I think the front end looks good...the rear however....well...not too fond.


----------



## Guest (Jun 6, 2002)

*Not too shabby...*

I like a lot. Thats a totally unique color and the CF hood works well. The kits been done before (  ) but theres a reason why its so popular. Ive never been a fan of the VIP grills and those lights might work better in black housings, but those wheels wrap it all up nicely. I wouldnt mind the Saleen wing so bad if it werent for the frenched plate throwing off all the lines. All in all, big thumbs up from me, (not that you cared or asked), and an A+ for originality. Not easy to do with so little parts to choose from.


----------



## LIUSPEED (May 29, 2002)

nice ride.. i wish i had the money to make mine look wild. ( damn college) . i plan on doing R34 headlight with HID systems. and leave my back side alone but with a new rear. prob a Combat front bumper and side skirts off the extreme kit or the drift.. not sure yet. gettin 17 " rims and Yokohoma Parada Spec 2 tires. aluminum wing and SR20DET motor added with NOS kit etc.. jes no money.


----------



## Teknokid (Jun 1, 2002)

I like the car. I love the Extreme Rear bumper and i believe the Extreme sides as well. Nice job on your car. Relly original


----------



## CHI-B14SENTRA (May 1, 2002)

*ITS COOL*

WHOSE CAR IS THAT, THATS FROM ILLINOIS?!? I bet they got that body work done at BODYWERKS if so THEY are rich!!!!


----------



## SentraRacer97 (Apr 30, 2002)

i love thos rims. Shoot.....haha. Very good job man!


----------



## MP2050 (May 1, 2002)

THATS IT!!!! If I c 1 more person with my Extreme kit that I dont even have yet-----Im gonna go CRAZY yo...........

OK OK Im calm now Twisted U got yourself a ILL ride---color is original, LUV the rims- and hood and rear views all blend in nicely, 

BUT thats not the basic Extreme rear end RIGHT???


----------



## twisted200ser (Jun 4, 2002)

*my car*

the work was done at turks in peoria and yes they are rich now
as for the kit it is just the extreme


----------



## Teknokid (Jun 1, 2002)

I have to say that your car is pretty tight. I dont like the grill though. Sorry to say. Love the originality.
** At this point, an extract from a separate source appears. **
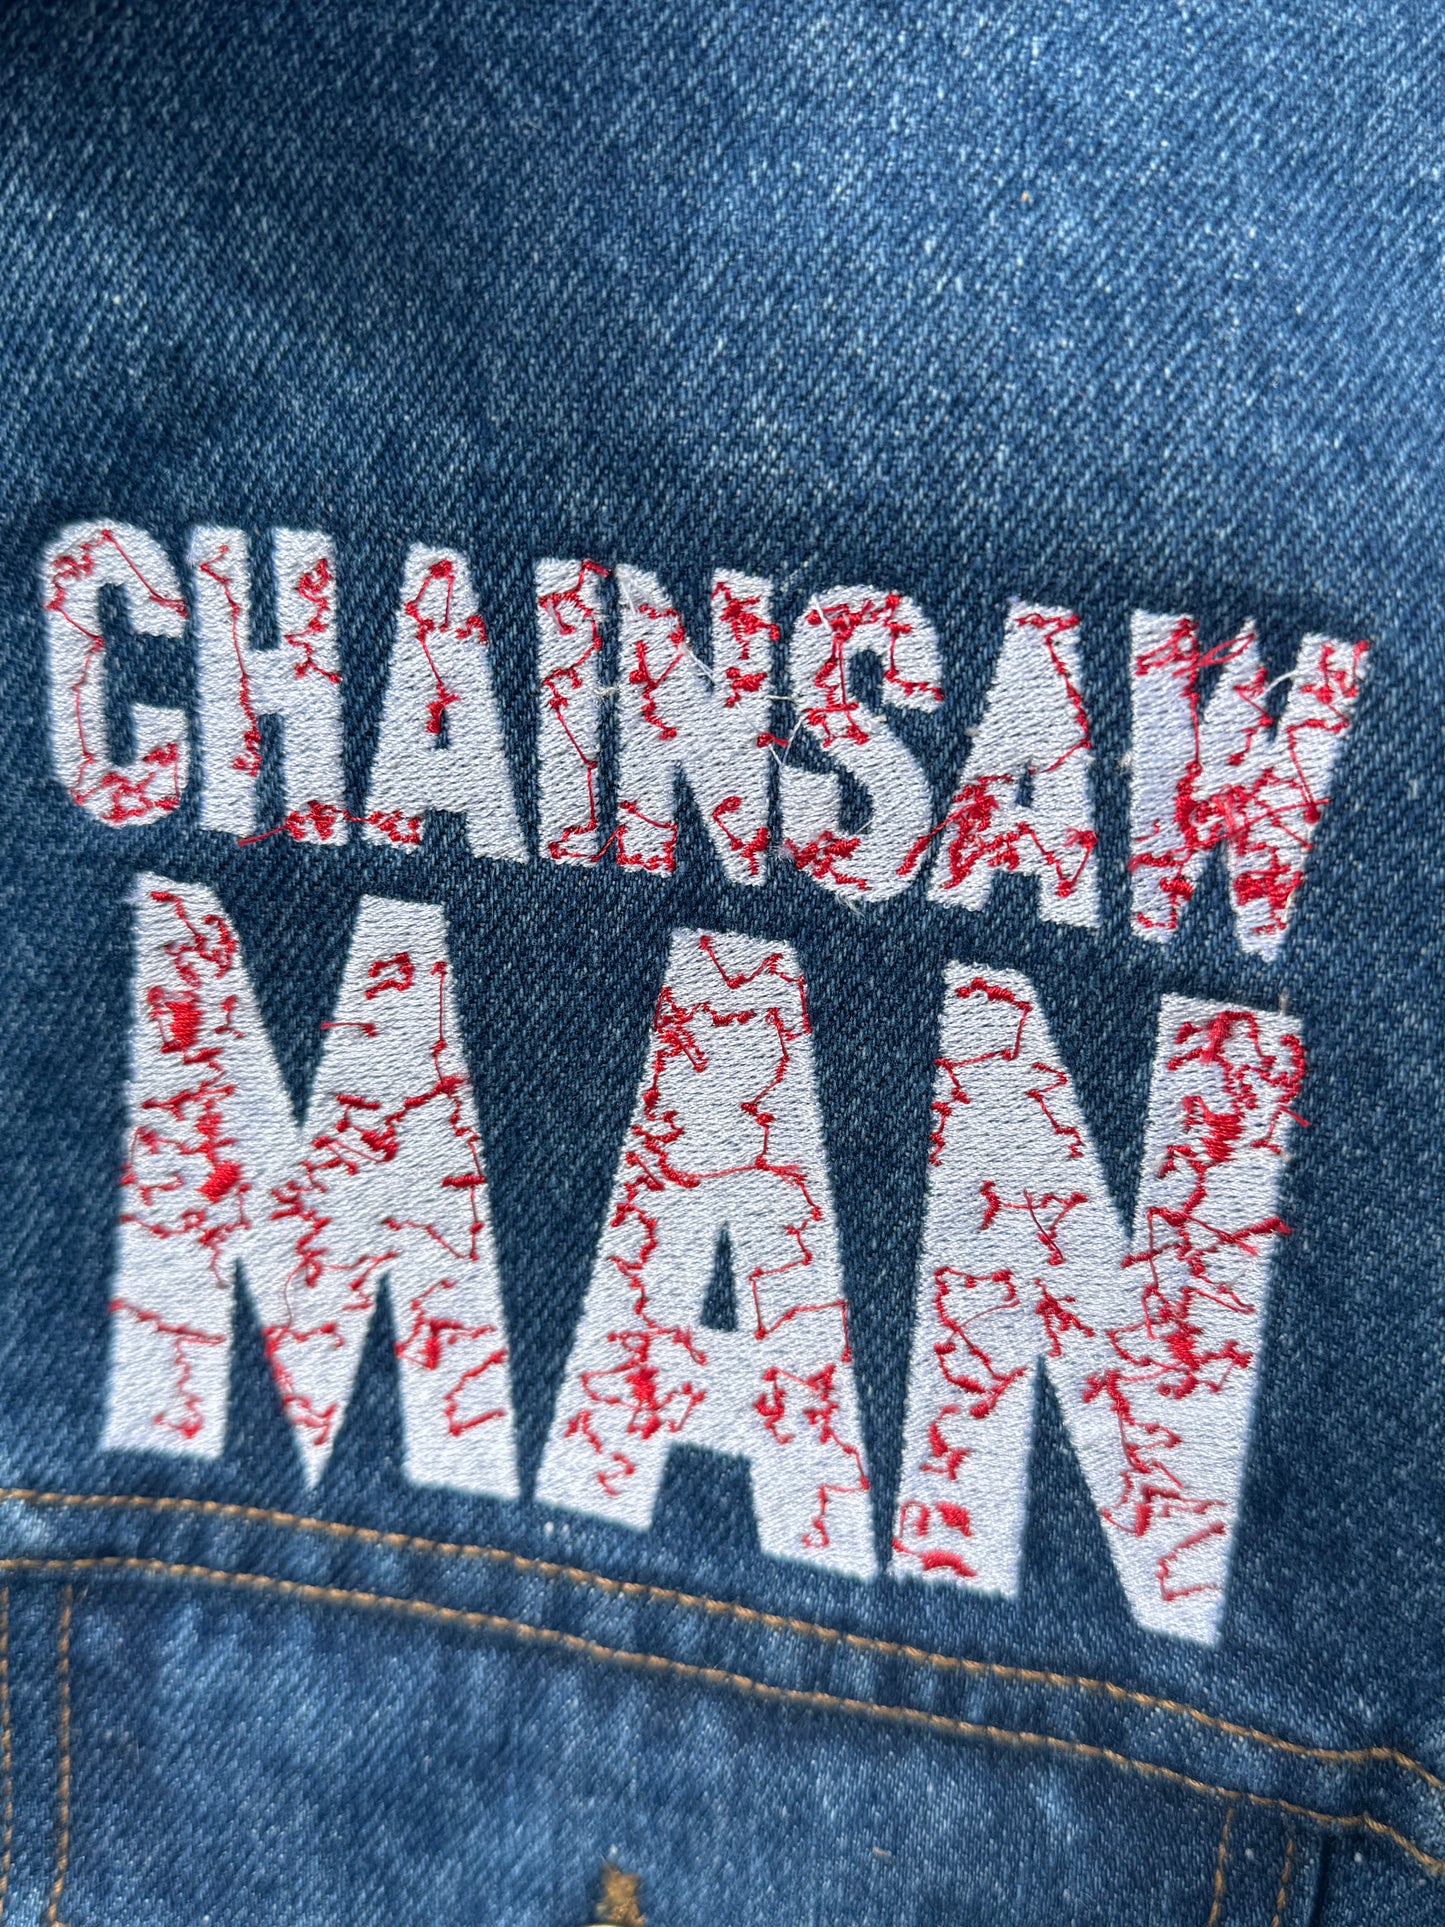 Chainsaw Man Denim Jacket
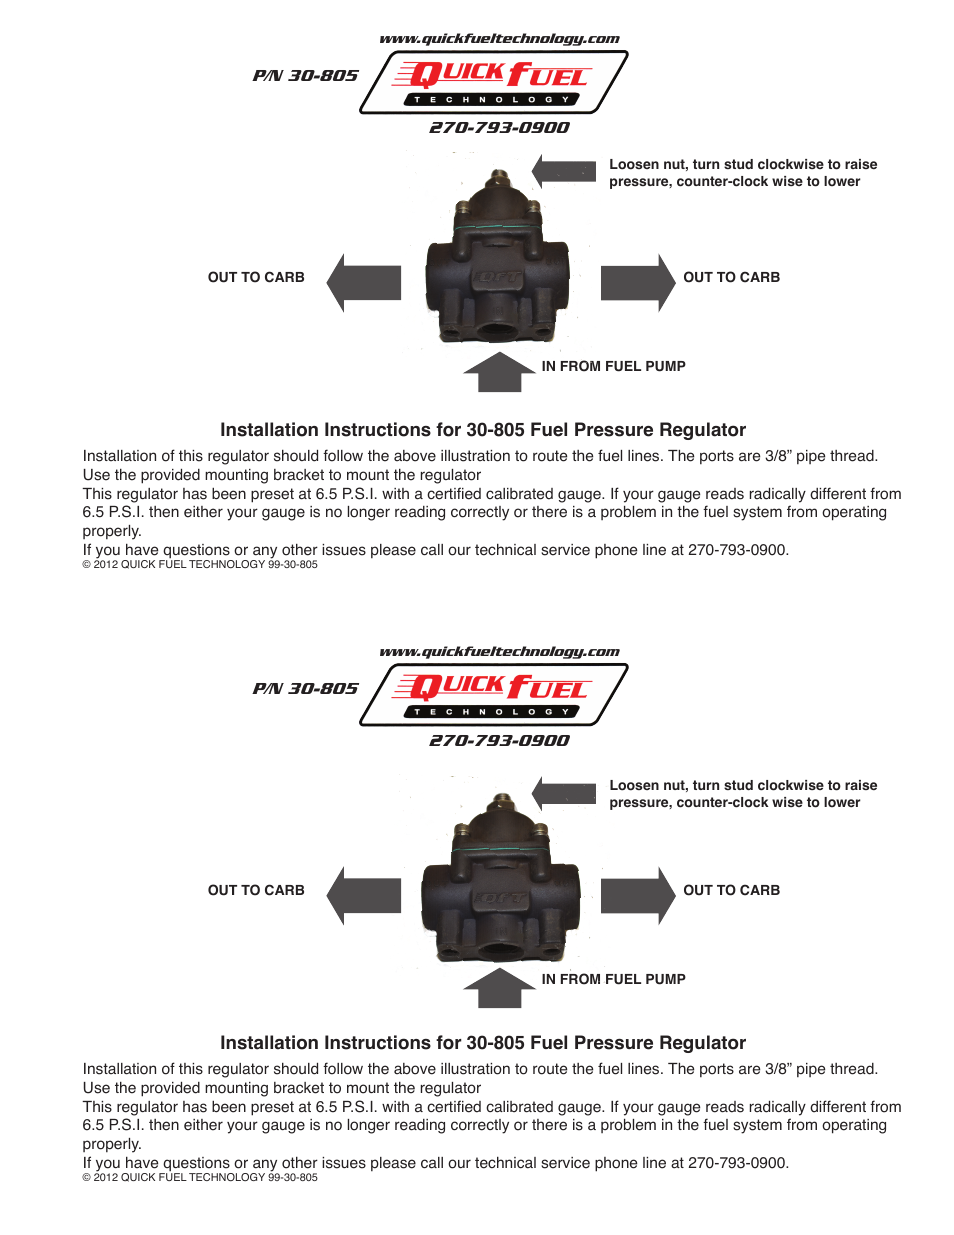 30-805 Fuel Pressure Regulator

I give you mad props


----------



## CHI-B14SENTRA (May 1, 2002)

YO twisted you dropped your ride NICE ride!!!!! if so how much of a DROP with 17''s. and whats your set-up?!?!?


----------



## Guest (Jun 12, 2002)

i like the car and i must say... ive driven my sentra in that exact spot where you have taken those pictures being that im from decatur...


----------



## RaSER X (May 1, 2002)

Sweet! I like!  
__________________


----------



## rios (Jun 10, 2002)

wow man thats one sweet 200, it looks kinda like what i wanted to do with my sentra, minus the crooked liscnese plate


----------